“I’m not a happy dog, guys.”
“What happened, Jewel?” Harry asks our guest who arrived yesterday for a short while. “You’re usually so happy when you come to play.”
“Only you and Aussie try to rush out that gate every time it opens.”
“Our mission in life is to escape at every opportunity,” says Aussie. “So why aren’t you happy, Jewel?”
“I lost my way, guys. I don’t know who I am anymore.”
“That’s sometimes a good thing,” I tell her.
“Don’t listen to her,” says Aussie.
“I know who you are, Jewel,” Harry says. “You’re a Great Dane. You’re the biggest dog I’ve ever seen.”
“Jewel, you’re at least three times as big as Harry and Aussie,” I tell her.
“Doesn’t mean she’s smarter.” From Aussie.
“I know I’m big, that’s not the problem,” says Jewel. “The problem is, I used to be a service dog. Taught, trained, battle tested. My boss took me everywhere with her, lots of medical appointments, get food, go see the family. She needed me!”
“Uggghhh,” says Aussie. “You liked it?”
“I loved it! That was my mission in life, to help and support her. She could even lean on me if she felt weak sometimes.”
“If our Boss ever tried to lean on me, she’d fall smack on the ground,” Aussie says.
“What happened?” asks Harry.
“Since this virus this came along, we don’t go anywhere. I’m not needed.”
“We don’t go anywhere either,” I tell her. “Hey, where is everybody—?”
The dogs rush up to the fence because Gala and T, the neighborhood horses, are coming down the road, accompanied by Ruby the German Shepherd. Aussie barks; Harry barks. Jewel coughs. Dogs look up at her.
“That’s my bark,” says Jewel proudly.
“That’s your bark?”
“I’m practicing to be a guard dog.”
Aussie sits back and laughs her heart out. “You’ll never be a guard dog with a bark like that. It doesn’t scare anybody.”
“You sound sick!” says Harry. “Do you have the virus? Get away from us!”
“I’m not sick, guys. I’m telling you, I need a new career. Here, watch this.” And Jewel scampers down the yard, gets behind the Kwan-Yin, stumbles, and scampers back.
“I’m trying out for dog-racing. You think they’ll take me?”
Harry giggles, trying to restrain himself, but Aussie laughs so hard she rolls on her back, legs kicking the air. “Was that supposed to be a run?”
“I ran as hard as I could. Next time I’ll make it as far as the shed.”
“You’re a Great Dane, Jewel, not a Greyhound,” Harry tells her earnestly.
“I’m dieting, trying to get into shape.”
Aussie is laughing so hard she can’t get up on her paws. Finally, she straightens up with a grin: “Any other career change? I don’t think you’ll make it in agility, hee hee hee!”
“You suppose I can herd some sheep? This is terrible. I’m used to working hard all the time, to be reliable and dependable, and I can’t do anything now.

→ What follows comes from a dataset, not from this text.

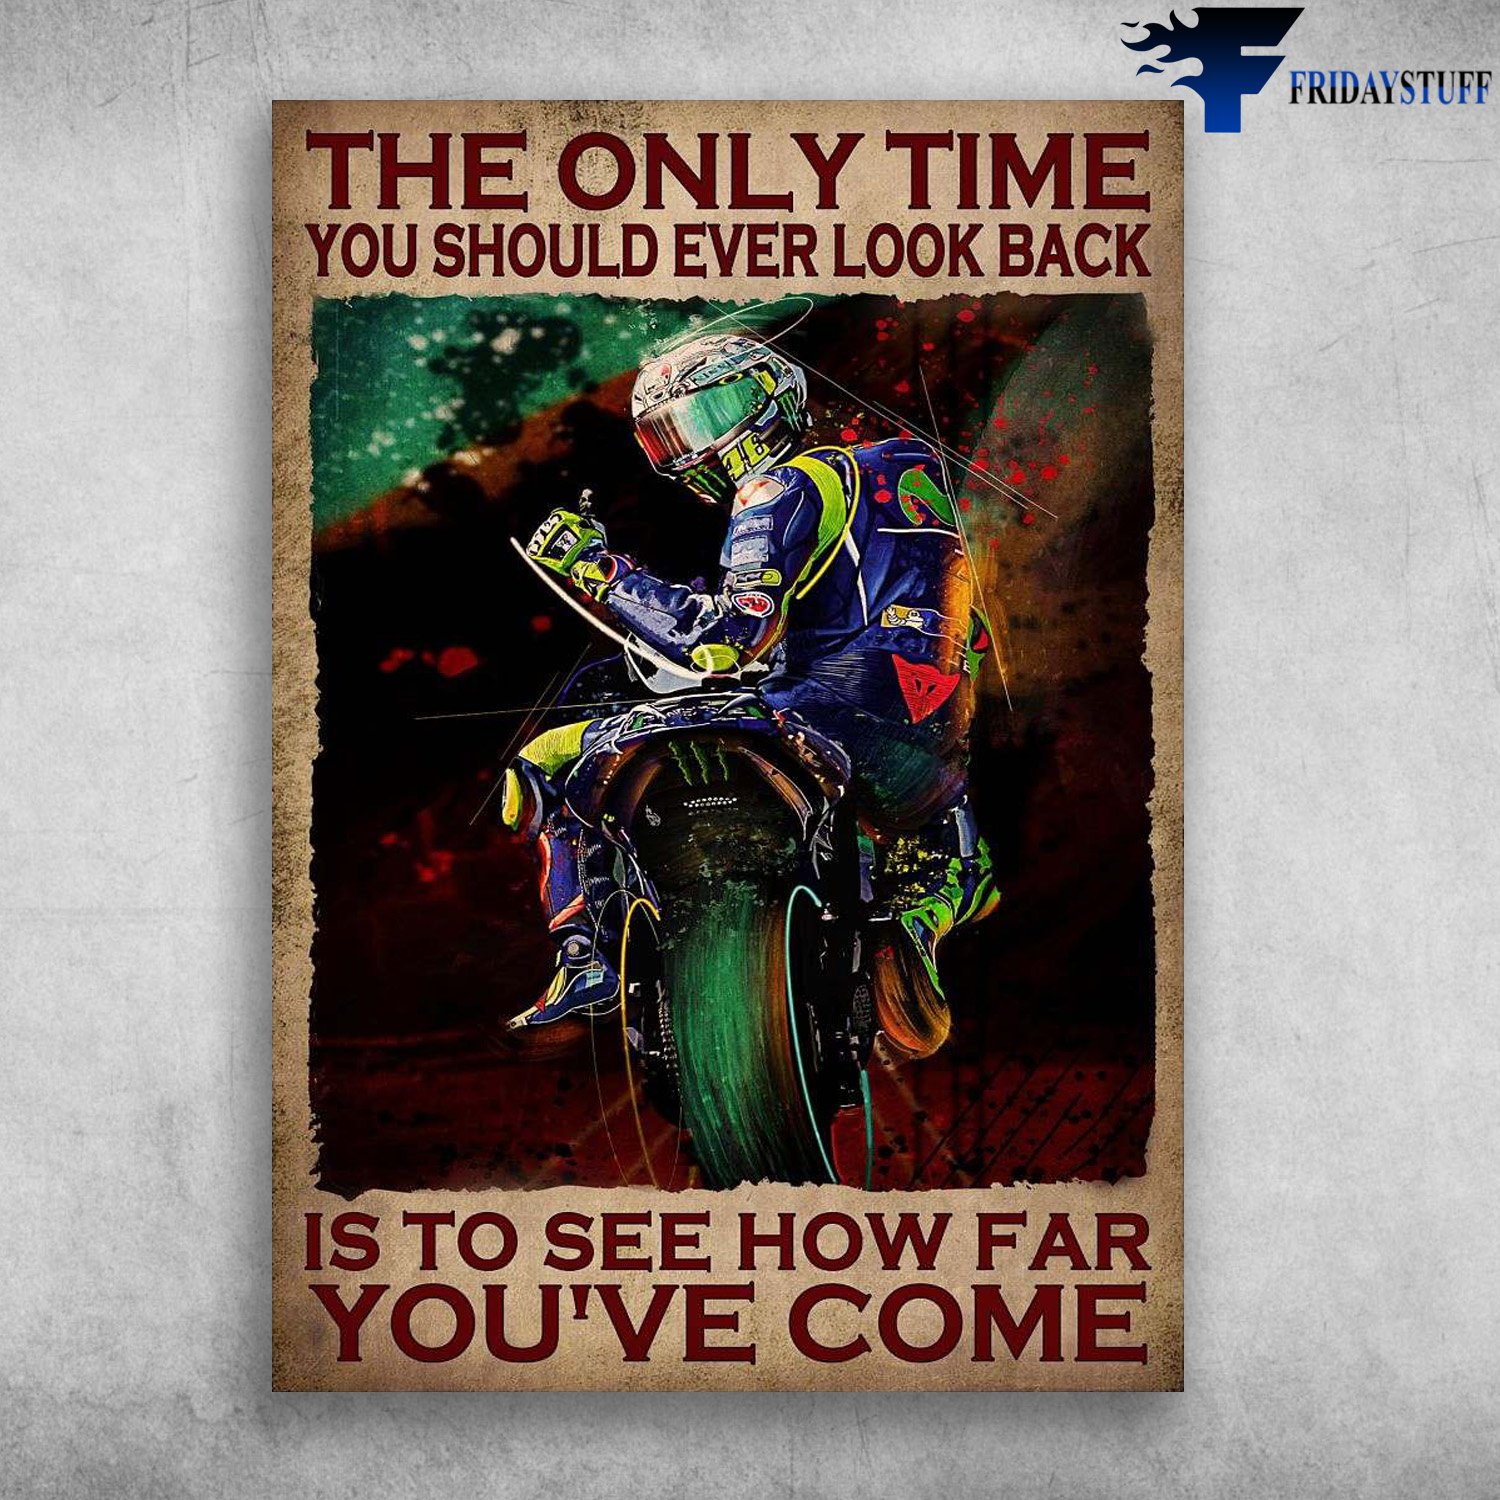 Racer Look Back, Motorcycle Man - The Only Time, You Should Ever Look Back, Is To See How Far You've Come

I don’t know who I am anymore!”
“We’re all facing this problem, Jewel,” I tell her. “We’re all used to going out into the world with our identity in place, our schedule set, the usual places, the usual people. And now we can’t do that.”
“Maybe you could be a service dog on Zoom. Hee hee hee!”

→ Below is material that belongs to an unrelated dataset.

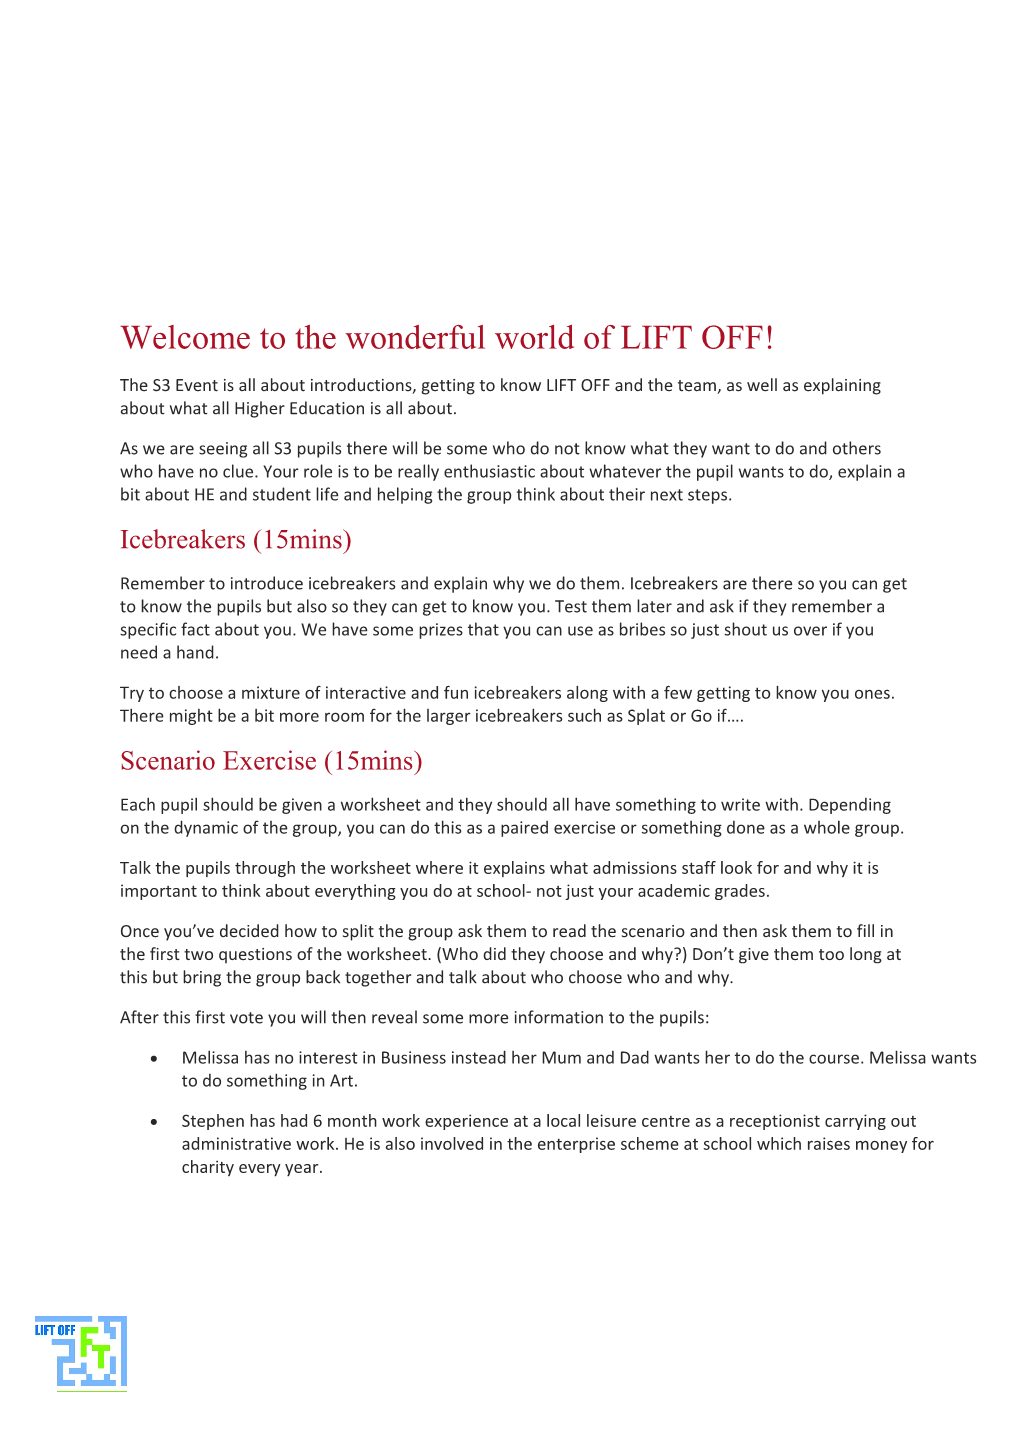 Welcome to the Wonderful World of LIFT OFF!

“Ignore Aussie,” I tell Jewel.
Aussie gets serious. “Harry the Cur and I never forget who we are for one minute. We know our mission in life, which is to escape as much as possible. No virus can ever make us forget that. If only you hadn’t blocked the gate when you came in today, we’d have been out of here again, only you’re so big!”
“Don’t listen to them, Jewel,” I tell her. “First of all, you have your True Nature, which you never lose.”
“Here we go, Buddhist baloney,” says Aussie.
“I love baloney!” from Harry.
“Also,” I continue, “when you’re not one thing, you’re free to explore being something else. Like me, I’m no longer a wife or caregiver, so I’m free to explore new things. That’s good.”
“Don’t believe her,” says Aussie, “she hates every minute of it.”
“I don’t want to be anything but a service dog,” says Jewel. “Born, bred, trained. I’m no good for anything else. When will this virus be over so I could get back to work? I want to get back to myself!”
“Nobody knows, Jewel. None of us may ever go back to be ourselves.”
“Except Harry and me,” says Aussie. “Our work, which is running away, is endless. We even took vows.”
Aussie and Harry sit back and recite:
“Beings are numberless, we vow to get away from them.
Delusions are inexhaustible, we vow to give up on them real quick.
Reality is boundless, we vow to watch TV.
The awakened way is unsurpassable, marrow bones are a lot better.”
Jewel looks dazzled. “Could you teach me that? Nothing like vows to give you a purpose in life.”